Currently we manage this all ourselves, right on the EC2. But we’re looking to move as much as we can into “managed” servers. Perhaps we’ll move to Heroku. Perhaps we’ll use hatchbox. Or if we do stay on AWS resources we manage directly, we’d look at things like using an AWS RDS Postgres instead of installing it on an EC2 ourselves, an AWS ElastiCache for Redis, maybe look into Elastic Beanstalk, etc.

But no matter what we do, we need a Solr, and we’d like to get it managed. Hatchbox has no special Solr support, AWS doesn’t have a Solr service, Heroku does have a solr add-on but you can also use any Solr with it and we’ll get to that later.

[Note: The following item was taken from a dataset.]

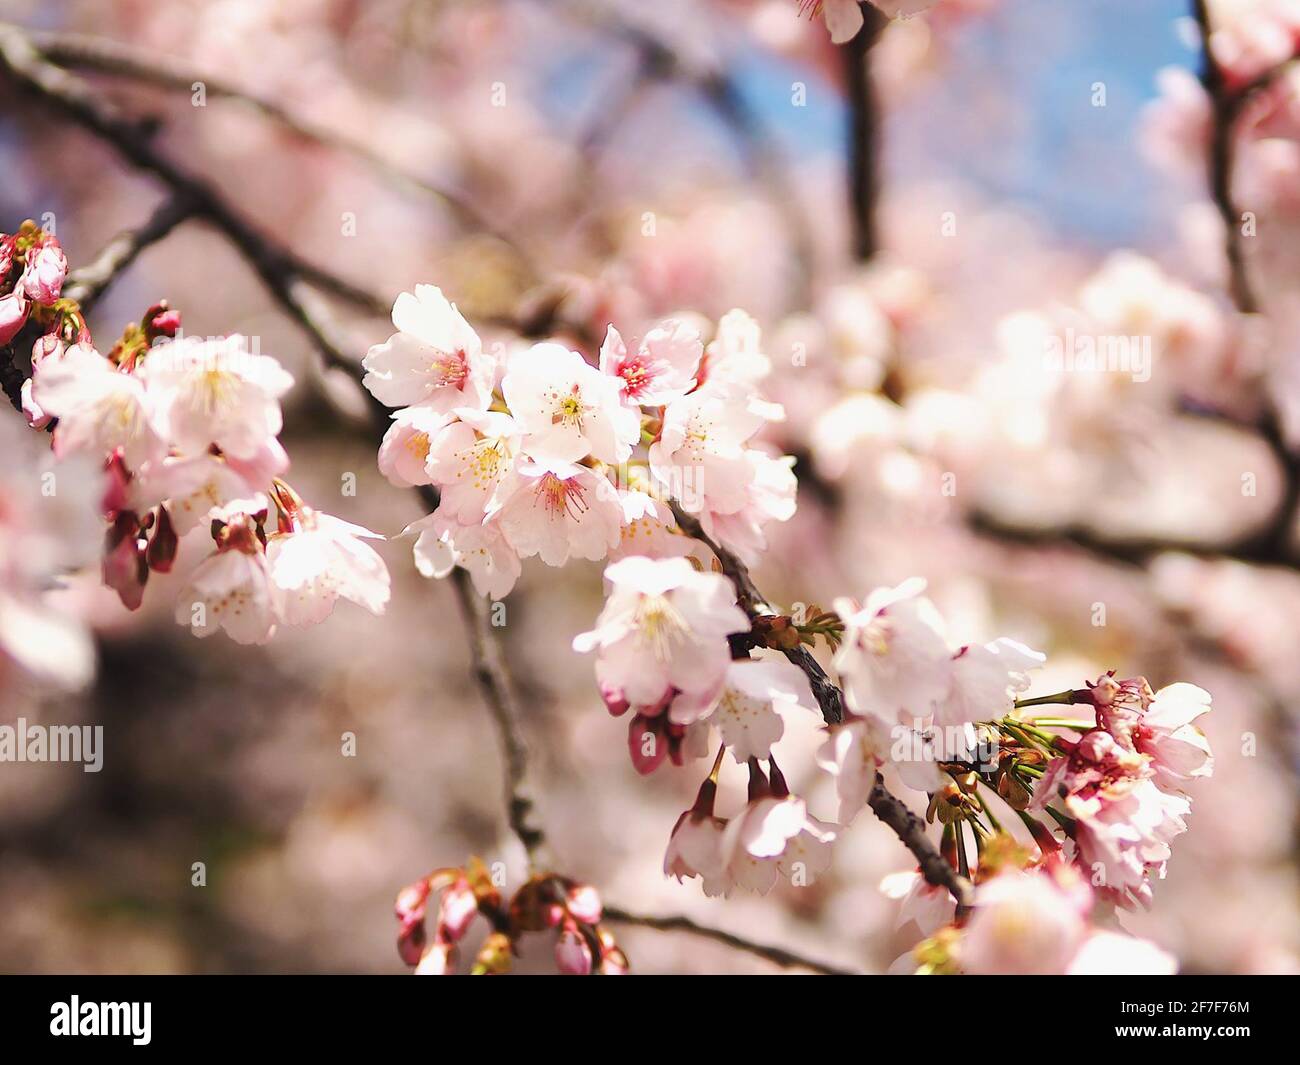 Cherry trees in full blossom Stock Photo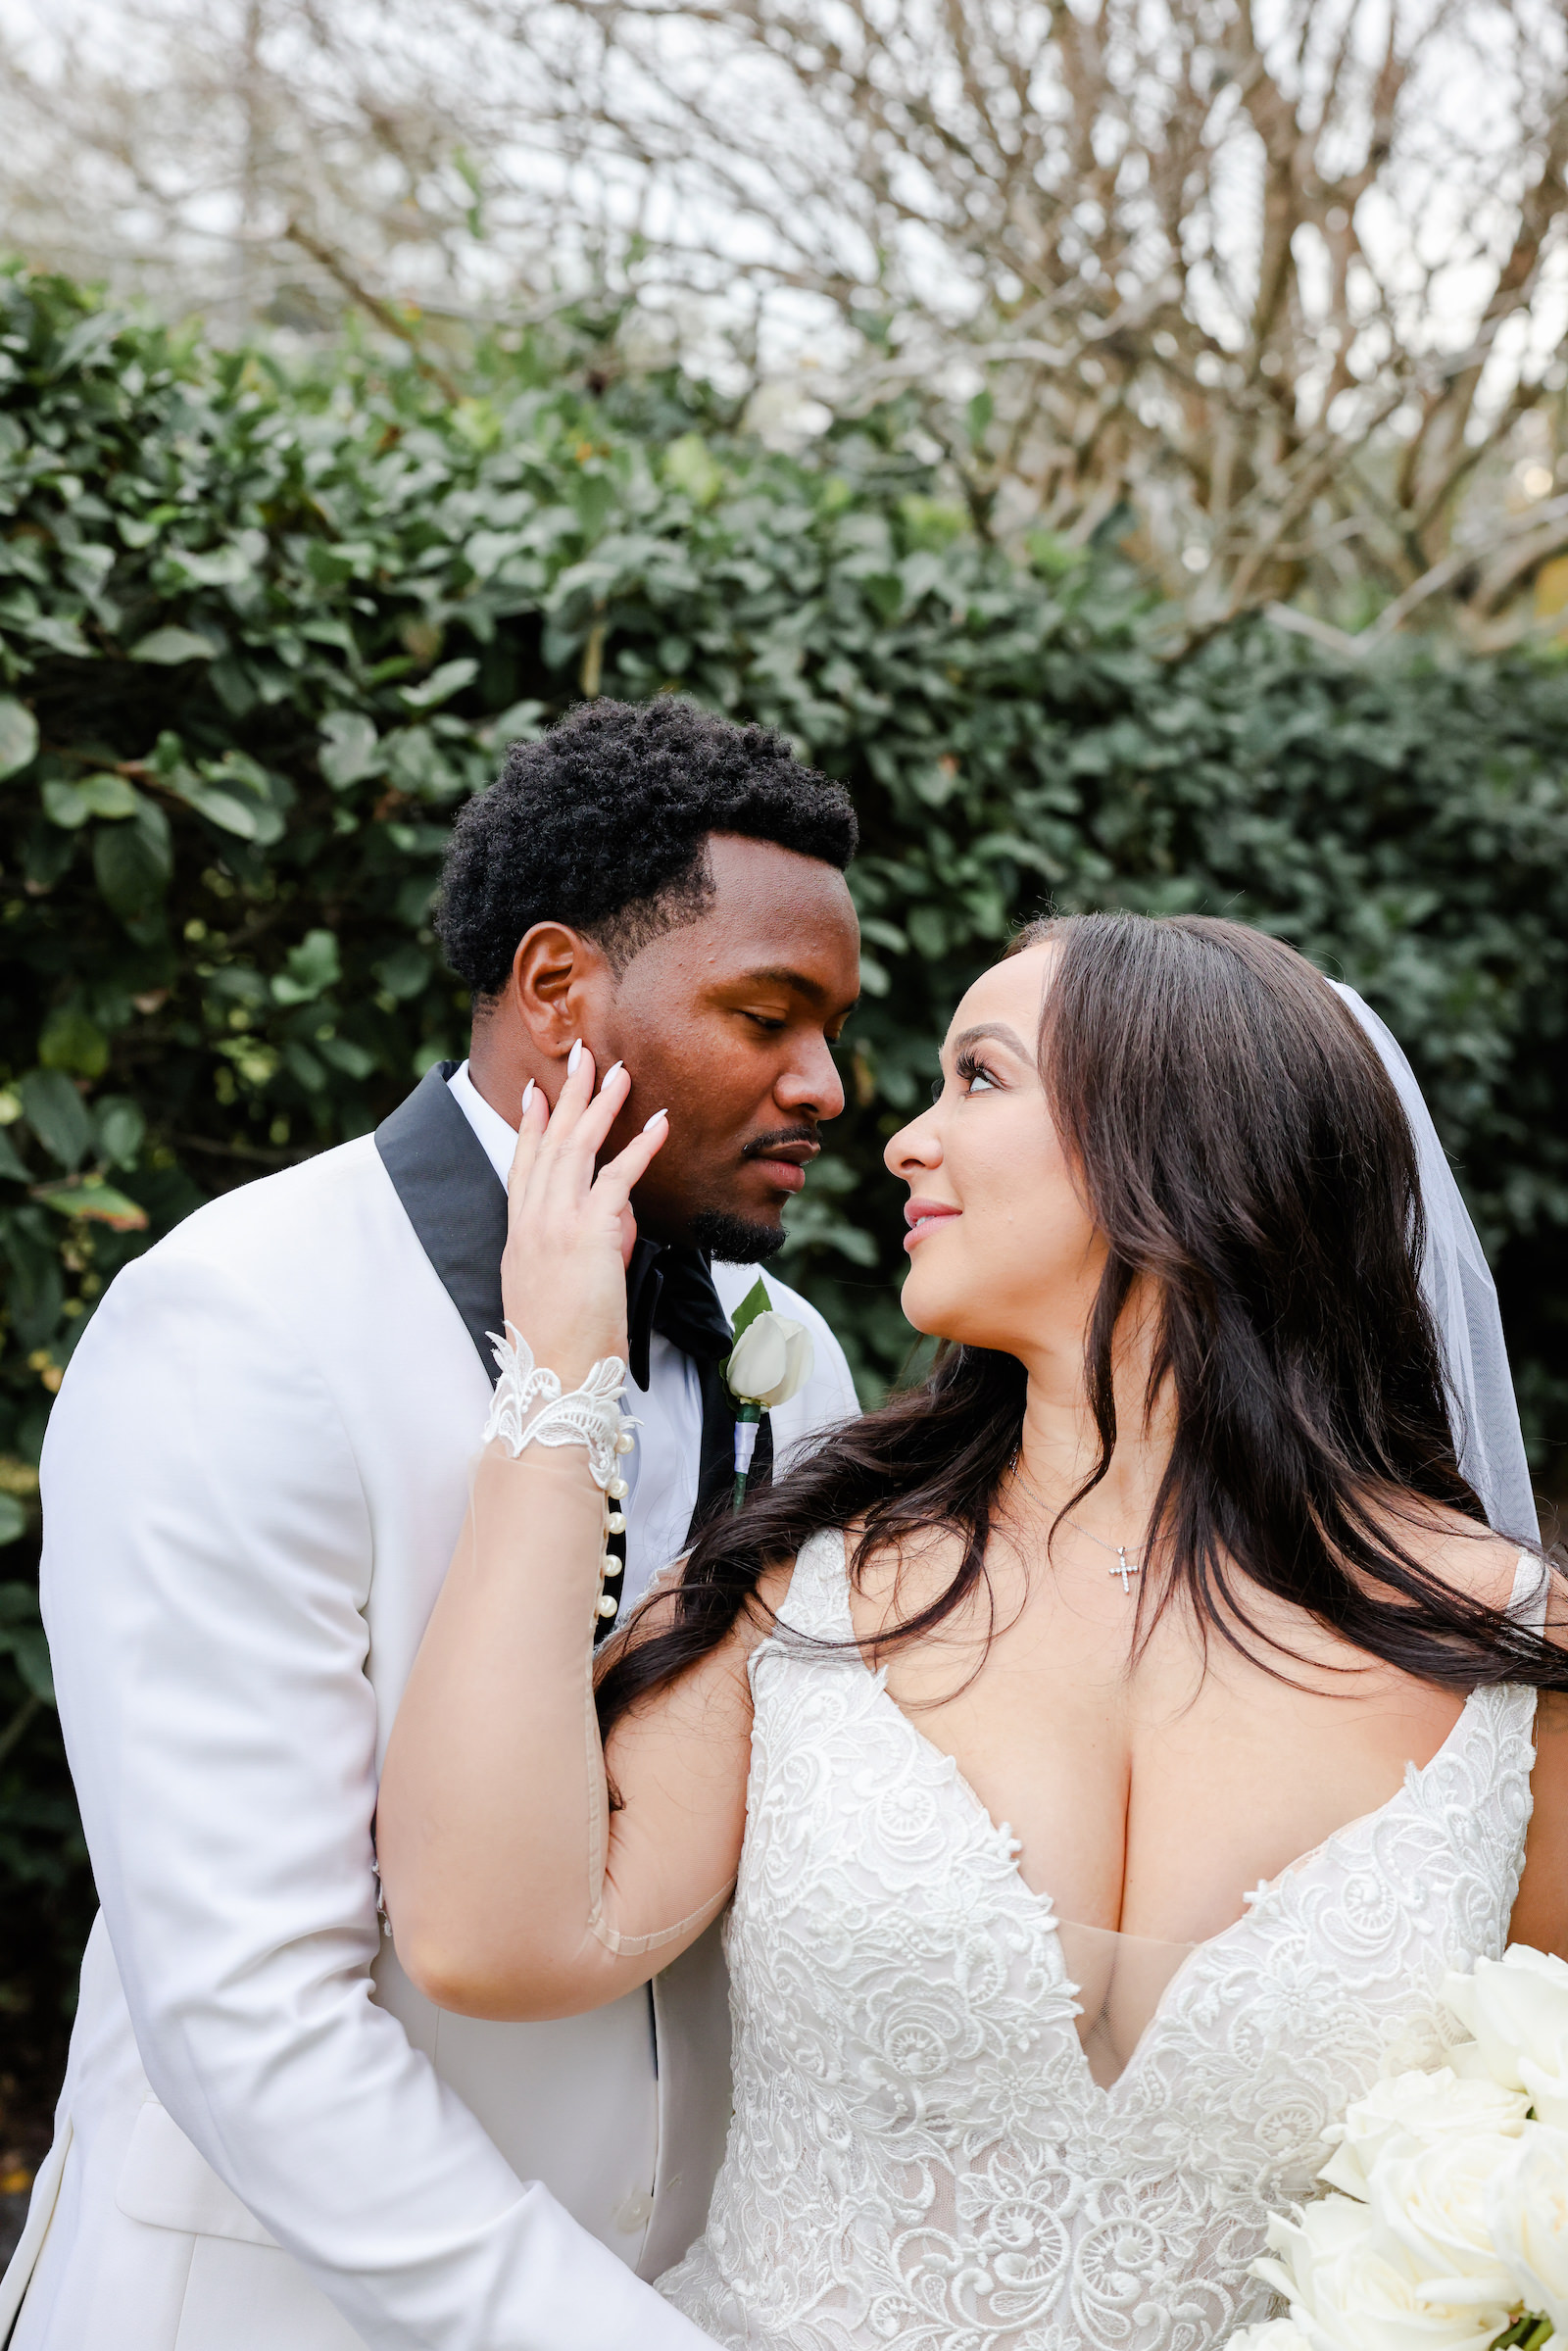 Modern Romantic Glam Bride and Groom Wedding Portrait | Tampa Bay Wedding Photographer Lifelong Photography Studio | Wedding Hair and Makeup Femme Akoi Beauty Studio

Our current Solr use is pretty small scale. We don’t run “SolrCloud mode“, just legacy ordinary Solr. We only have around 10,000 documents in there (tiny for Solr), our index size is only 70MB. Our traffic is pretty low — when I tried to figure out how low, it doesn’t seem we have sufficient logging turned on to answer that specifically but using proxy metrics to guess I’d say 20K-40K requests a day, query as well as add.

This is a pretty small Solr installation, although it is used centrally for the primary functions of the (fairly low-traffic) app. It currently runs on an EC2 t3a.small, which is a “burstable” EC2 type with only 2G of RAM. It does have two vCPUs (that is one core with ‘hyperthreading’). The t2a.small EC2 instance only costs $14/month on-demand price! We know we’ll be paying more for managed Solr, but we want to do get out of the business of managing servers — we no longer really have the staff for it.

WebSolr (didn’t actually try out)

WebSolr is the only managed Solr currently listed as a Heroku add-on. It is also available as a managed Solr independent of heroku.

The pricing in the heroku plans vs the independent plans seems about the same. As a heroku add-on there is a $20 “staging” plan that doesn’t exist in the independent plans. (Unlike some other heroku add-ons, no time-limited free plan is available for WebSolr). But once we go up from there, the plans seem to line up.

Starting at: $59/month for:

  • 1 million document limit
  • 40K requests/day
  • 1 index
  • 954MB storage
  • 5 concurrent requests limit (this limit is not mentioned on the independent pricing page?)

Next level up is $189/month for:

  • 5 million document limit
  • 150K requests/day
  • 4.6GB storage
  • 10 concurrent request limit (again concurrent request limits aren’t mentioned on independent pricing page)

As you can see, WebSolr has their plans metered by usage.

$59/month is around the price range we were hoping for (we’ll need two, one for staging one for production). Our small solr is well under 1 million documents and ~1GB storage, and we do only use one index at present. However, the 40K requests/day limit I’m not sure about, even if we fit under it, we might be pushing up against it.

And the “concurrent request” limit simply isn’t one I’m even used to thinking about. On a self-managed Solr it hasn’t really come up. What does “concurrent” mean exactly in this case, how is it measured? With 10 puma web workers and sometimes a possibly multi-threaded batch index going on, could we exceed a limit of 4? Seems plausible. What happens when they are exceeded? Your Solr request results in an HTTP 429 error!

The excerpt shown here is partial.